** Data block follows **

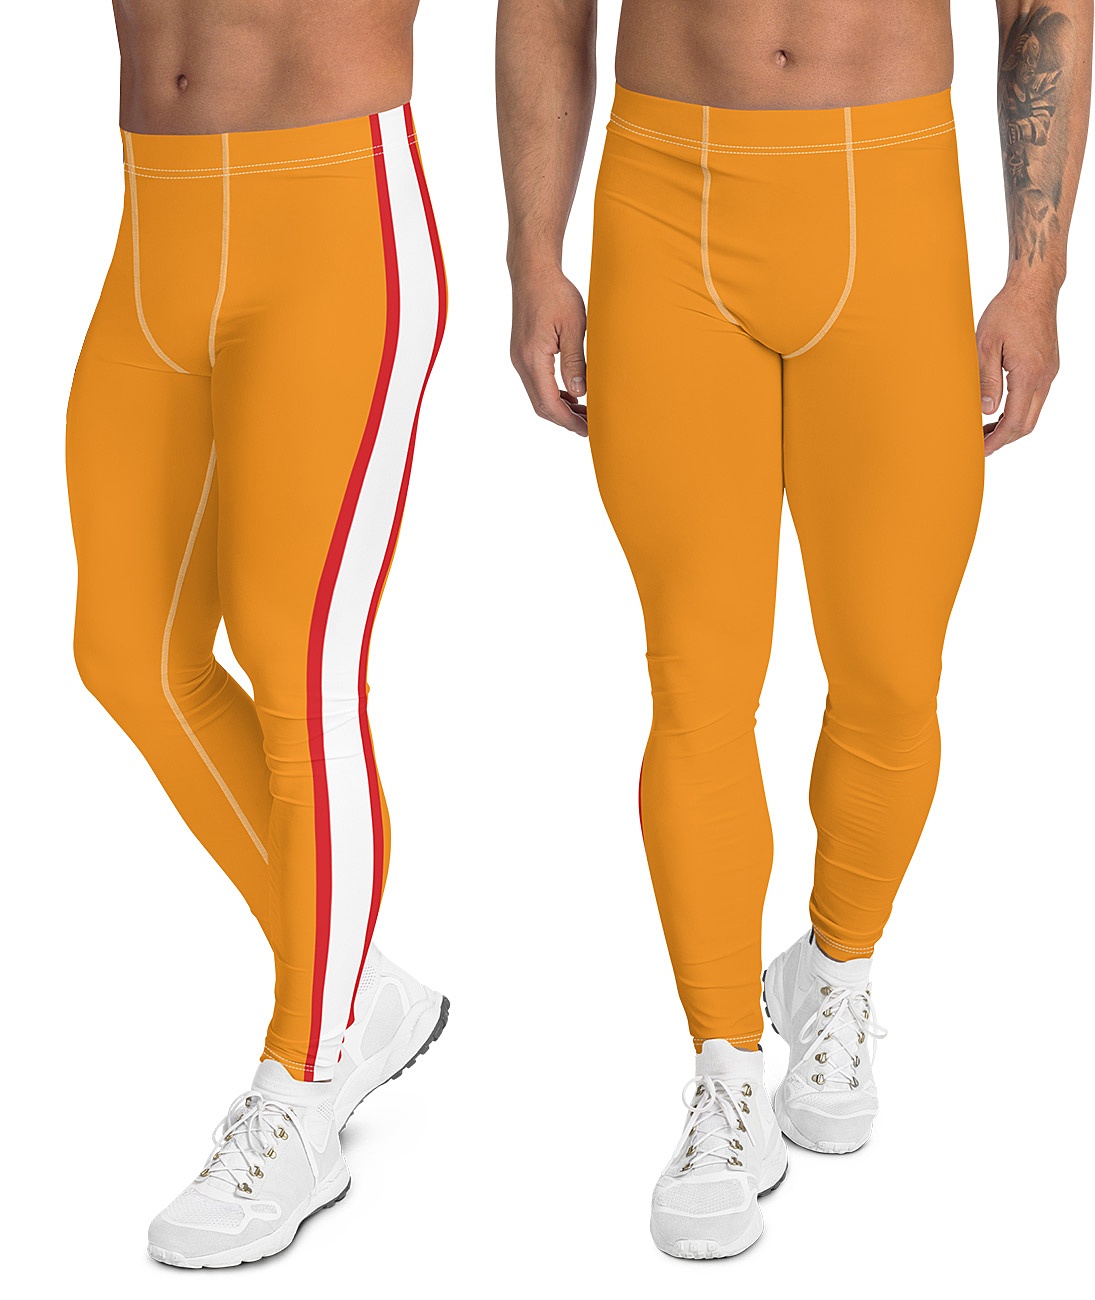 Retro Stripe Tampa Bay Buccaneers Football Uniform Leggings For Men ...
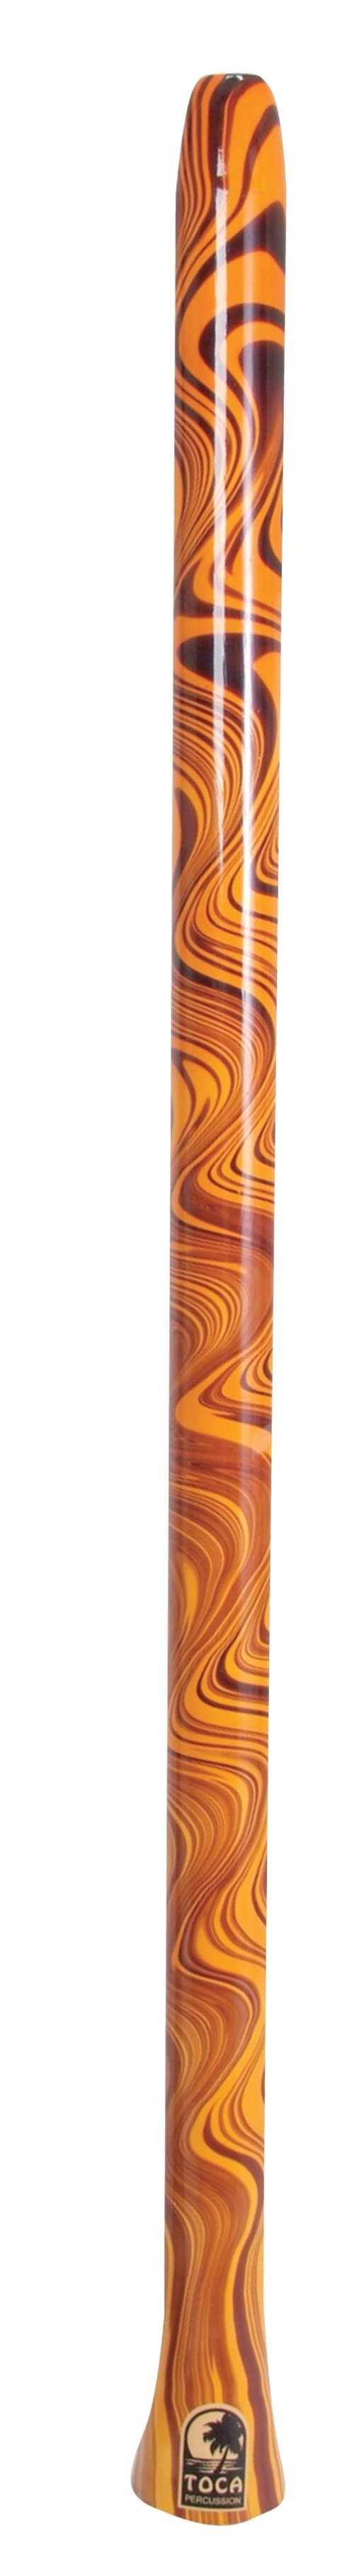 Toca World Percussion Didgeridoos Orange Swirl 140cm
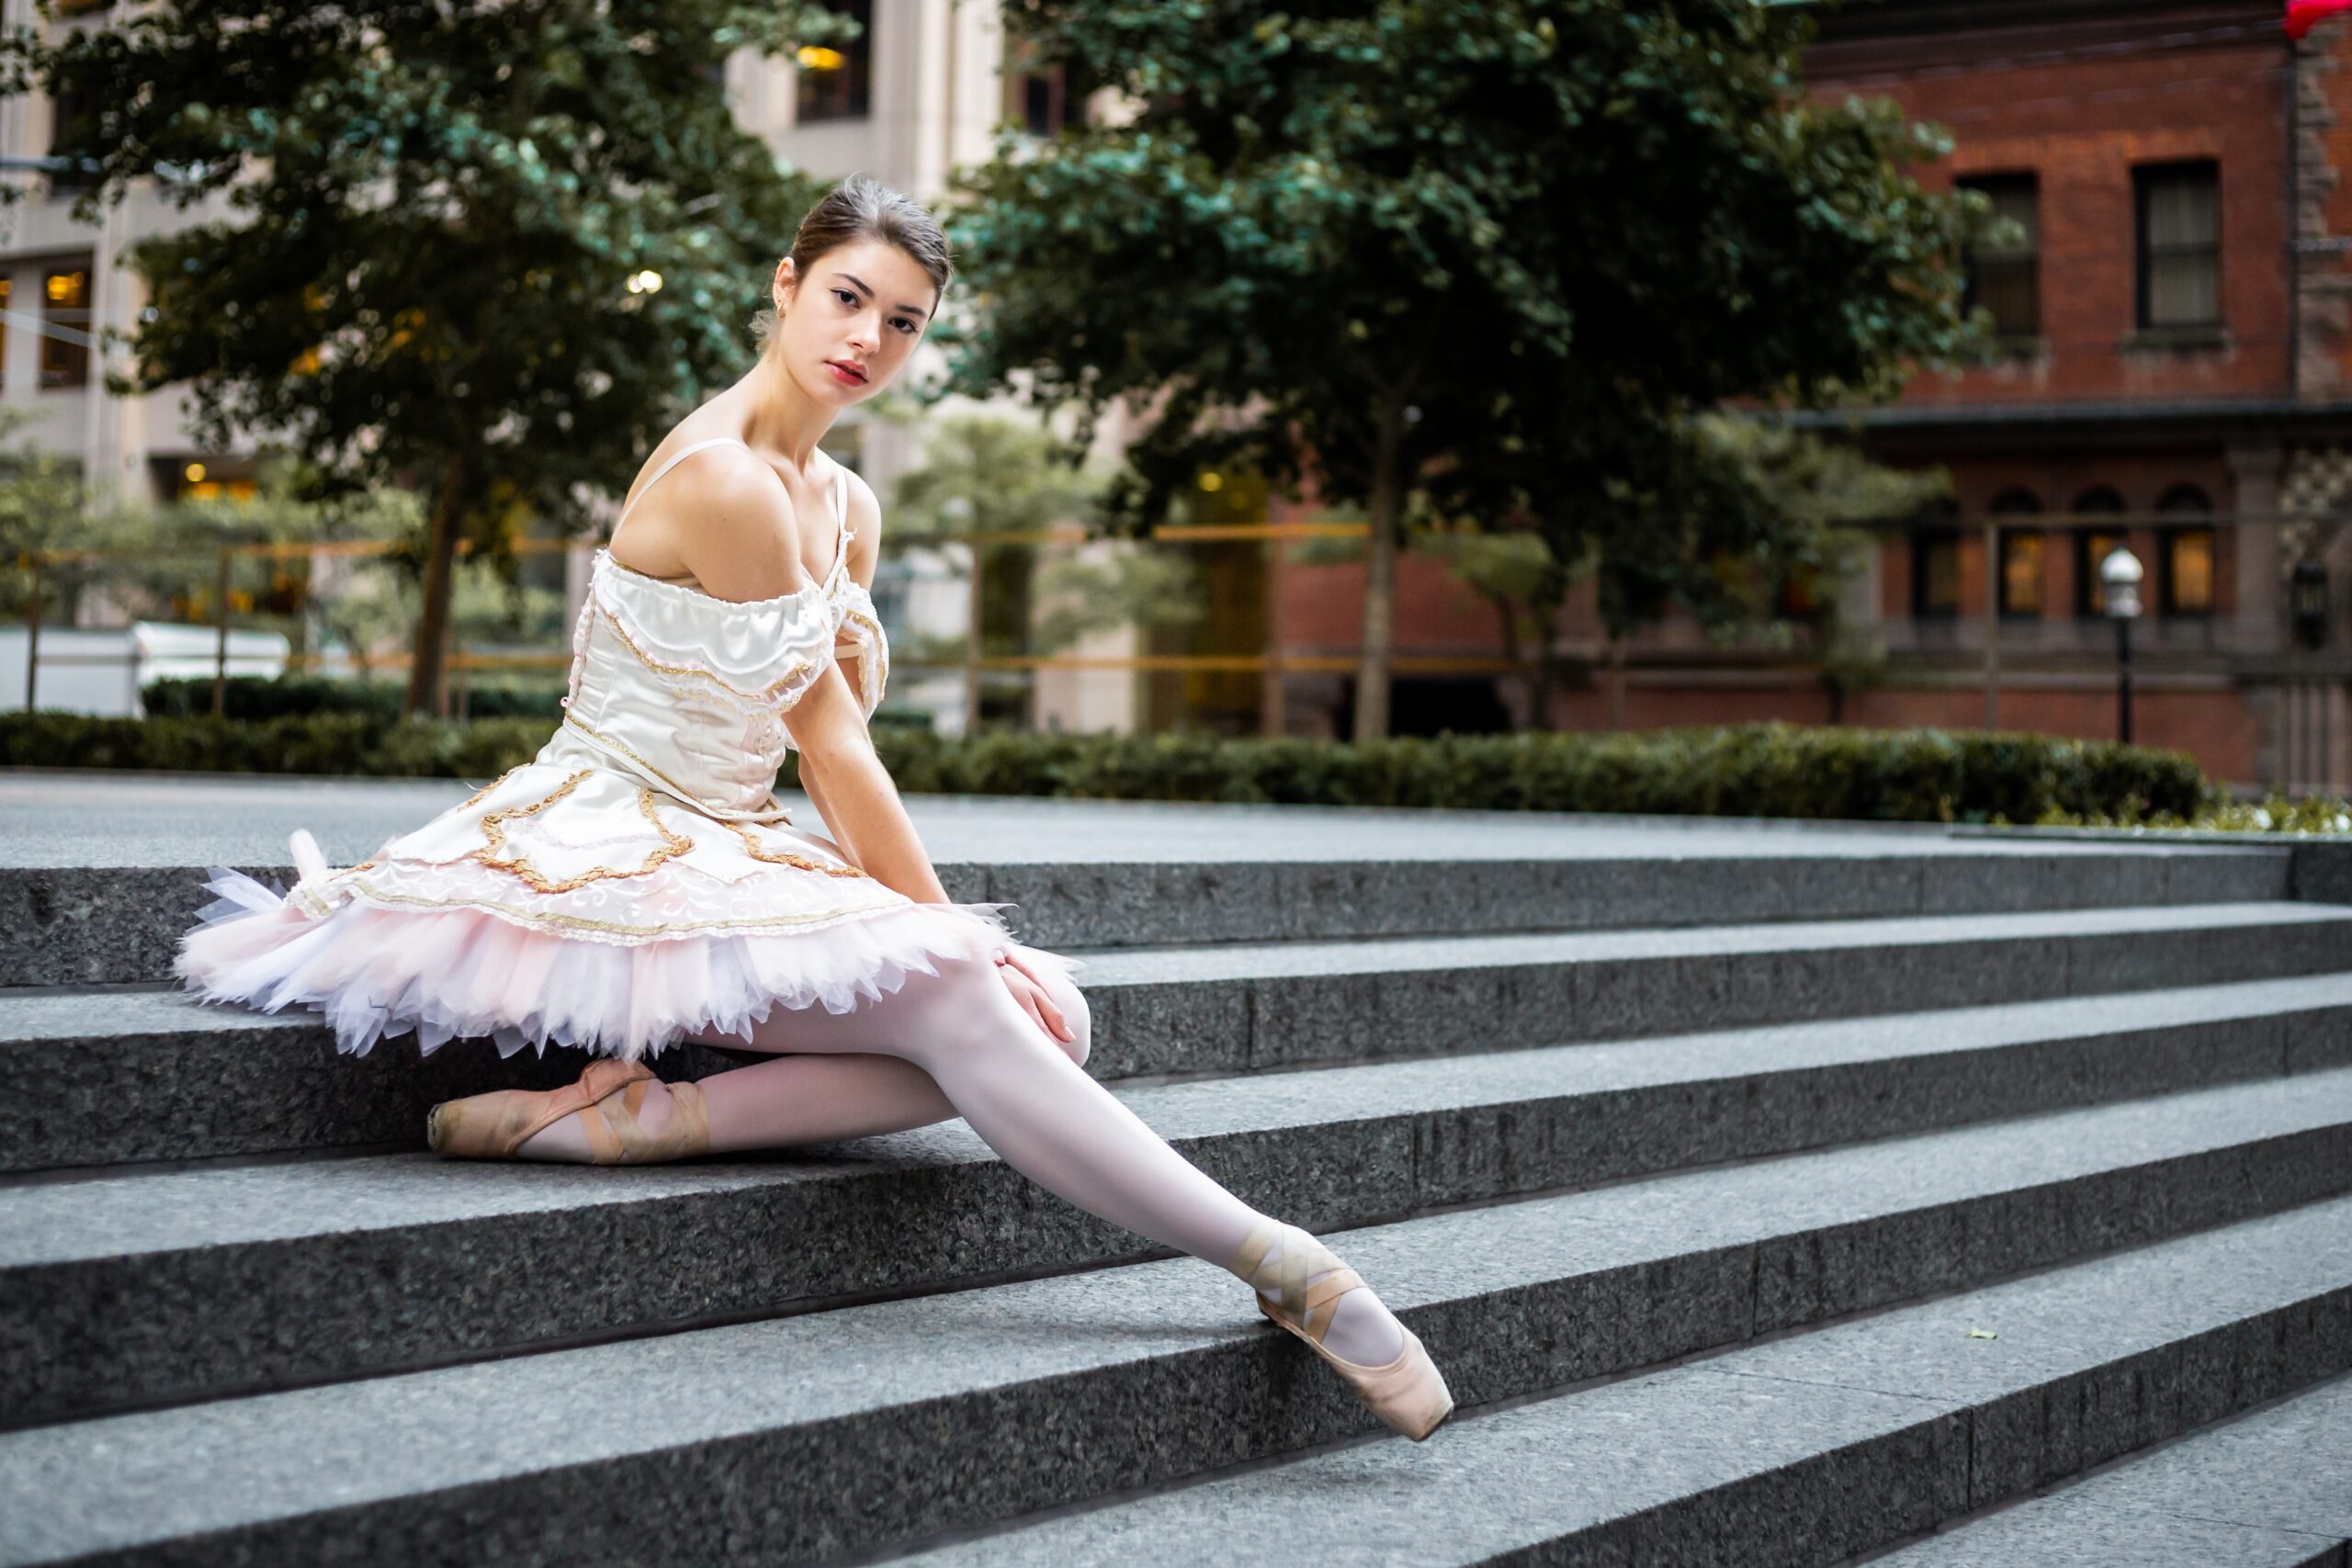 female ballerina posing outdoors in her dance costume

** End of Data block **

I would like the material above returned exactly as it stands, without its pictures.

### Solution:
 Retro Stripe Tampa Bay Buccaneers Football Uniform Leggings For Men ...
 Toca World Percussion Didgeridoos Orange Swirl 140cm
 female ballerina posing outdoors in her dance costume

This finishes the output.